From Deseret News archives:
Students help send message on global warming
"Are you ready to make history today?" Quigley shouted to the group of excited students. "It is going to send a powerful message about climate change, and we're asking our leaders to step it up. We want to save the snow in Park City."
Quigley and numerous other people featured in the Sundance Film Festival documentary "Everything's Cool" gathered at Treasure Mountain Middle School to talk to the students and be part of the art piece. Filmmakers Daniel Gold and Judith Helfand had followed Quigley for a similar aerial shot in 2005 in the town of Iqaluit, Canada, and they followed him with cameras Monday morning to Park City.

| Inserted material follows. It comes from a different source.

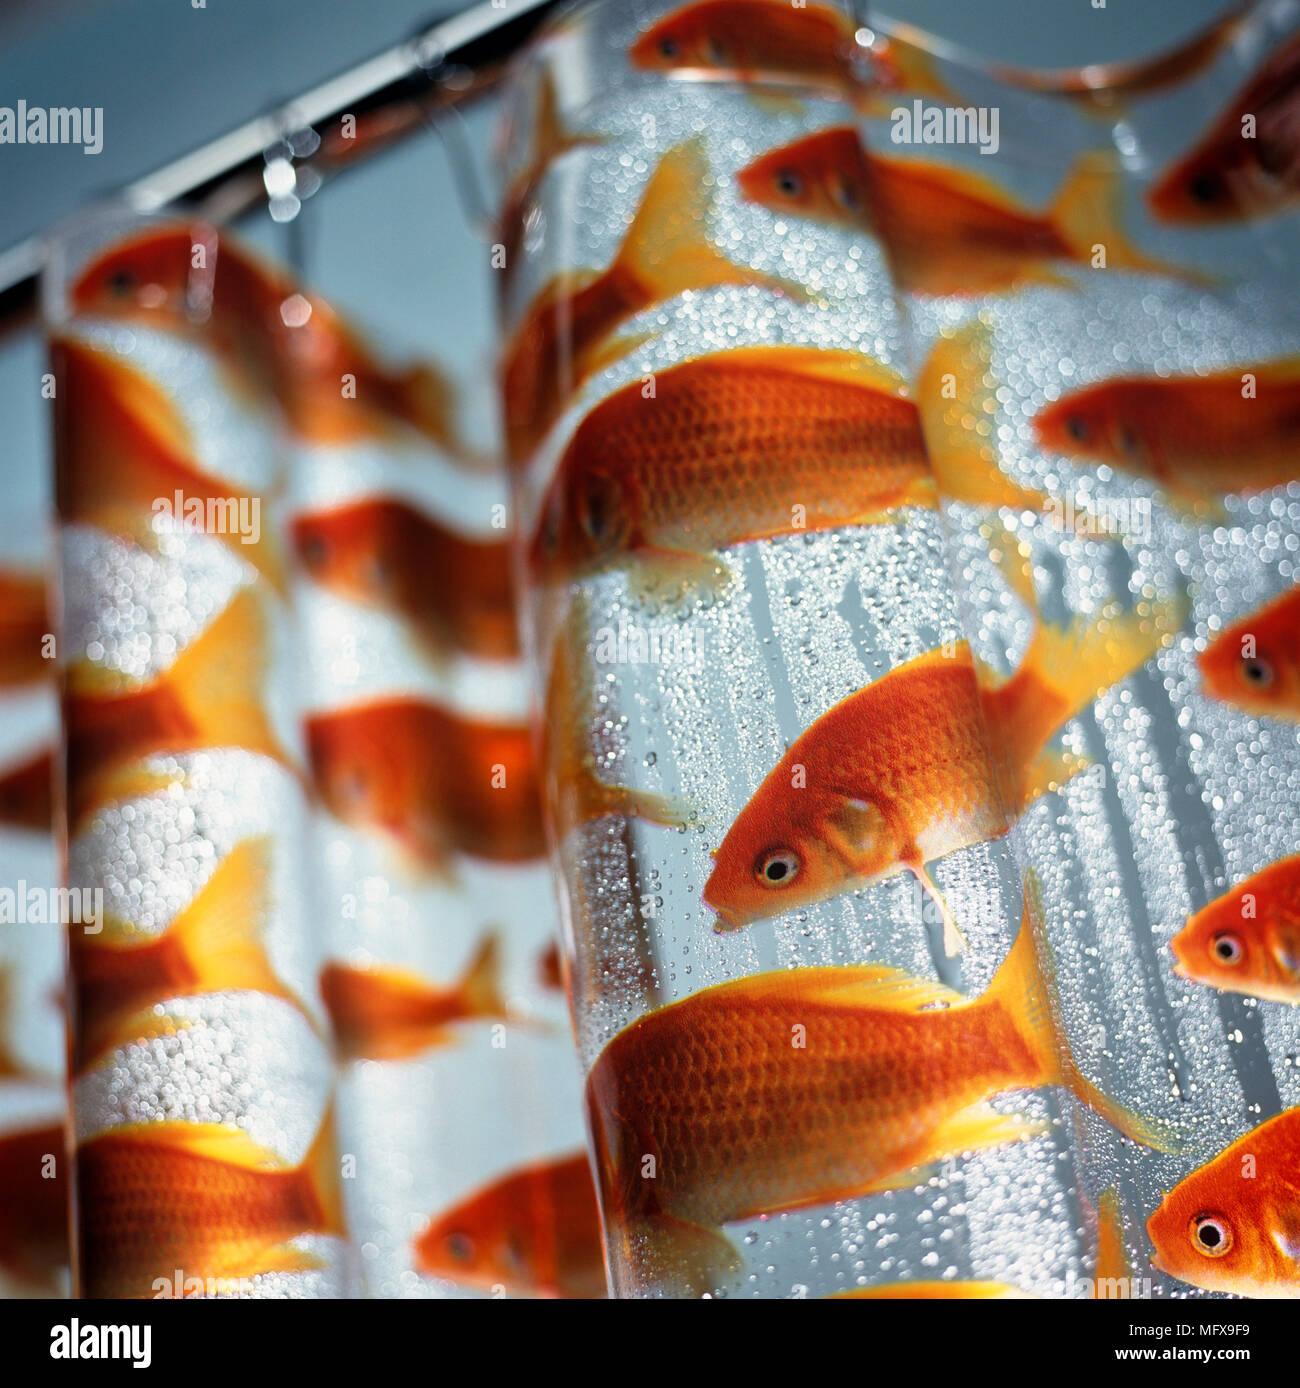 Plastic Shower Curtain With Goldfish Design

The Park City message, Quigley said, is the response to that Inuit message. Students first spelled out "Step it up" and an Inuit phrase that means "I heard you, and I'm going to respond." They then morphed "Step it up" into "Go carbon neutral."
Sheila Watts-Cloutier, who has gained international attention for her message on global warming as a human-rights violation, is from that Canadian village and was one of the many people featured in the documentary who attended the Park City event. She is in town for the Sundance Film Festival and spoke to the Park City students before they took part in the giant artwork.
"In the Arctic, because our hunting culture depends on it so much being cold, we are having huge challenges" because of global warming, she said. "We are counting on you as American young children to do this and be part of the global solution."
The documentary "Everything's Cool" began in Park City, said Gold, who co-directed the film with Helfand. In 2003, the two attended the film festival, where Gold met a New Zealander who was in Park City for the winter season to make snow for the ski resorts. Unfortunately, 2003 was a warm winter.
"We wanted to show the effects of global warming on everyday people," Gold said as he crouched in the snow with the students to help form the "S" in "Step it up."